Layered FeII-FeIII hydroxide chloride (chloride green rust, GRCl) has high reactivity toward reducible pollutants such as chlorinated solvents. However, this reactive solid is prone to dissolution, and hence loss of reactivity, during storage and handling. In this study, adsorption of silicate (Si) to GRCl was tested for its ability to minimize GRCl dissolution and to inhibit reduction of carbon tetrachloride (CT). Silicate adsorbed with high affinity to GRCl yielding a sorption maximum of 0.026 g of Si/g of GRCl. In the absence of Si, the pseudo-first-order rate constant for CT dehalogenation by GRCl was 2.1 h-1, demonstrating very high reactivity of GRCl but with substantial FeII dissolution up to 2.5 mM. When Si was adsorbed to GRCl, CT dehalogenation was blocked and FeII dissolution extent was reduced by a factor of 28. The addition of glycine (Gly) was tested for reactivation of the Si-blocked GRCl for CT dehalogenation. At 30 mM Gly, partial reactivation of the GRCl was observed with pseudo-first-order rate constant for CT reduction of 0.075 h-1. This blockage and reactivation of GRCl reactivity demonstrates that it is possible to design a switch for GRCl to control its stability and reactivity under anoxic conditions.

Electrochemical reduction of nitroaromatic compounds by single sheet iron oxide coated electrodes.

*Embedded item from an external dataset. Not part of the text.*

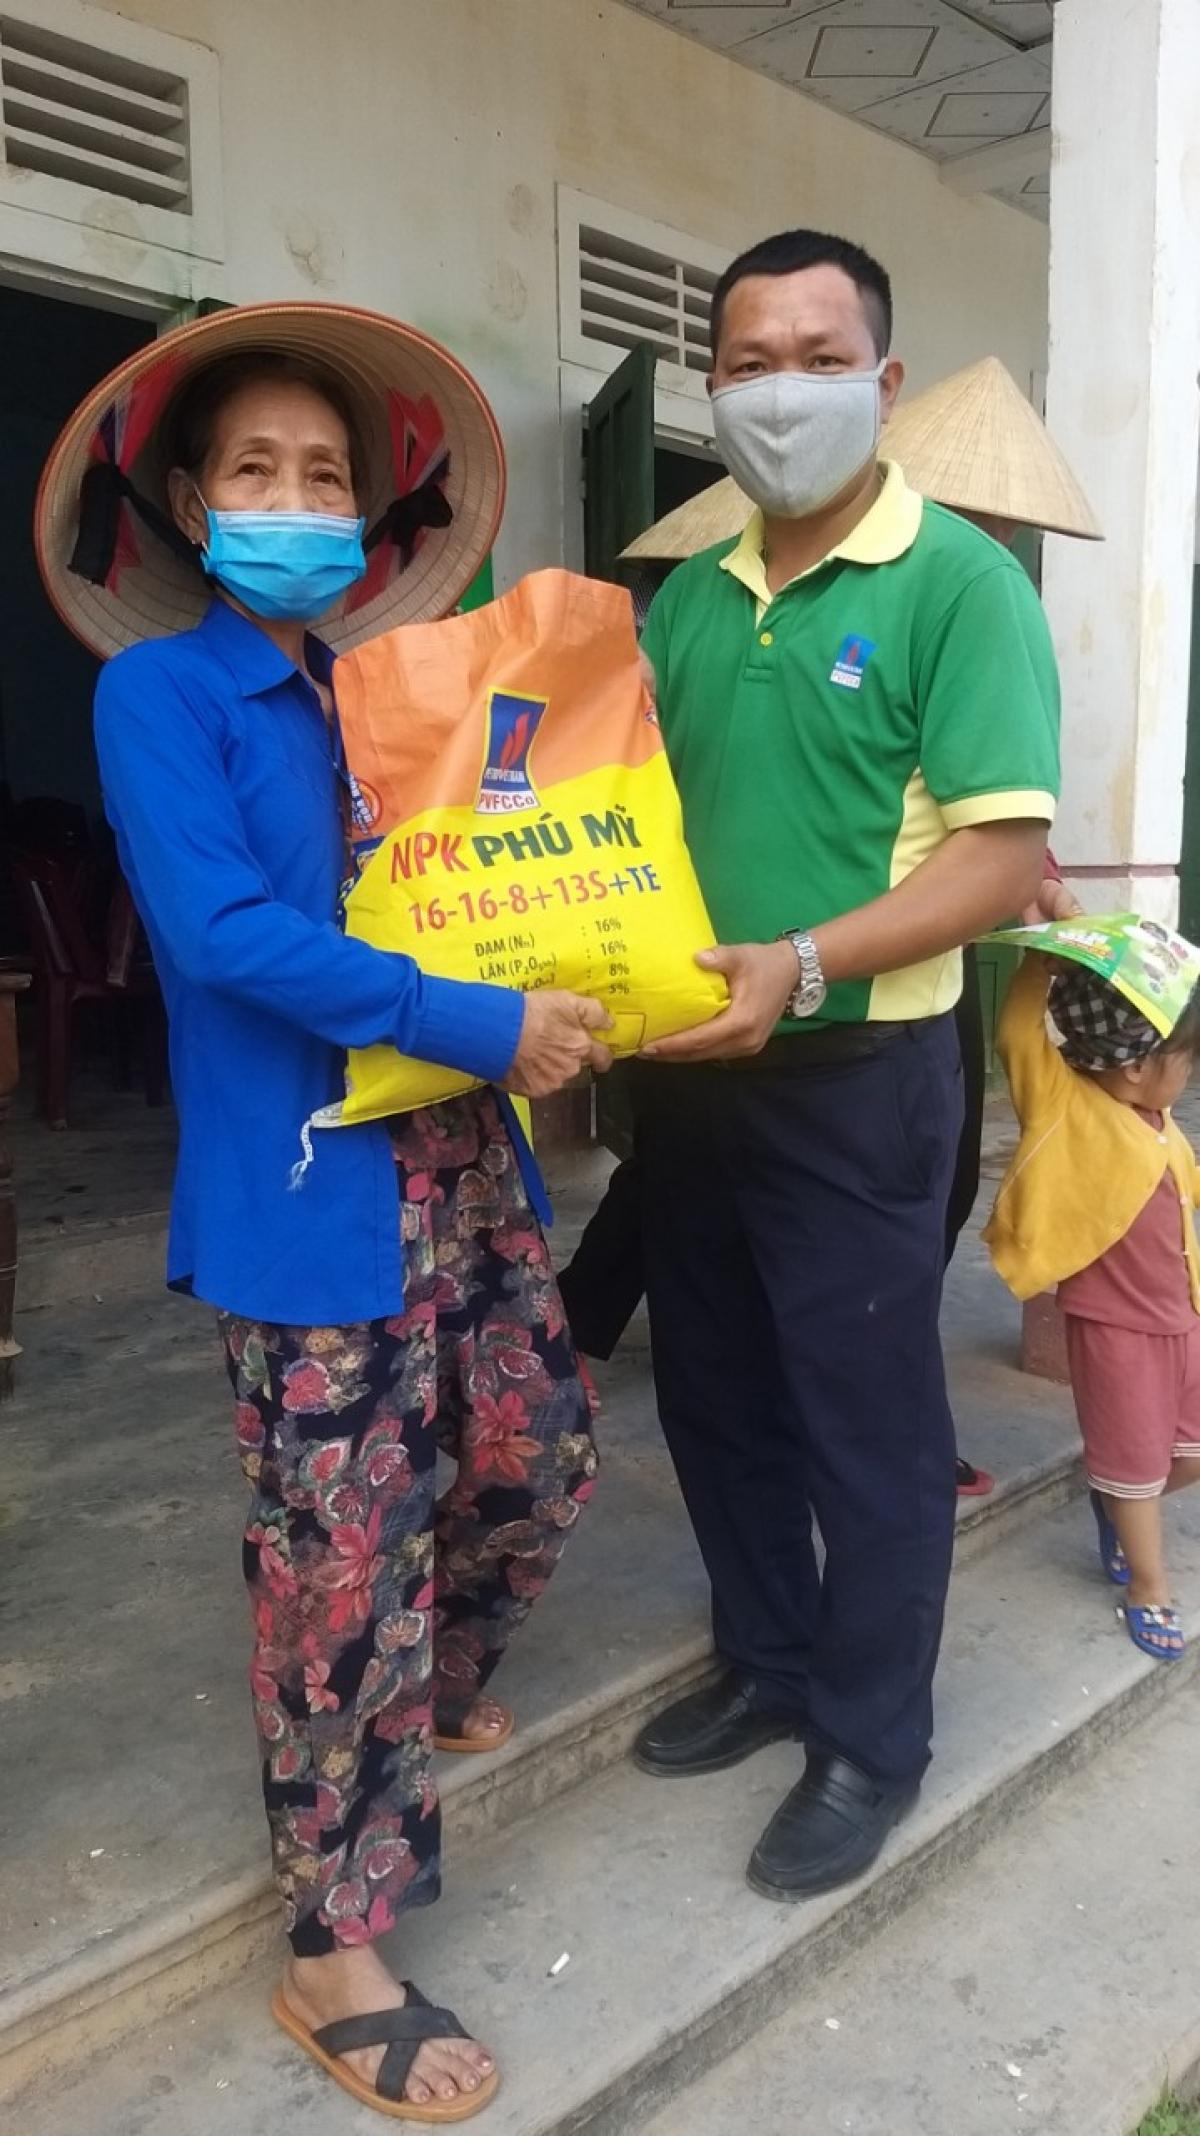 Tặng phân bón Phú Mỹ cho bà con nông dân.

Nitroaromatic compounds are substantial hazard to the environment and to the supply of clean drinking water. We report here the successful reduction of nitroaromatic compounds by use of iron oxide coated electrodes, and demonstrate that single sheet iron oxides formed from layered iron(II)-iron(III) hydroxides have unusual electrocatalytic reactivity. Electrodes were produced by coating of single sheet iron oxides on indium tin oxide electrodes. A reduction current density of 10 to 30µAcm(-2) was observed in stirred aqueous solution at pH 7 with concentrations of 25 to 400µM of the nitroaromatic compound at a potential of -0.7V vs. SHE. Fast mass transfer favors the initial reduction of the nitroaromatic compound which is well explained by a diffusion layer model. Reduction was found to comprise two consecutive reactions: a fast four-electron first-order reduction of the nitro-group to the hydroxylamine-intermediate (rate constant=0.28h(-1)) followed by a slower two-electron zero-order reduction resulting in the final amino product (rate constant=6.9µM h(-1)). The zero-order of the latter reduction was attributed to saturation of the electrode surface with hydroxylamine-intermediates which have a more negative half-wave potential than the parent compound. For reduction of nitroaromatic compounds, the SSI electrode is found superior to metal electrodes due to low cost and high stability, and superior to carbon-based electrodes in terms of high coulombic efficiency and low over potential.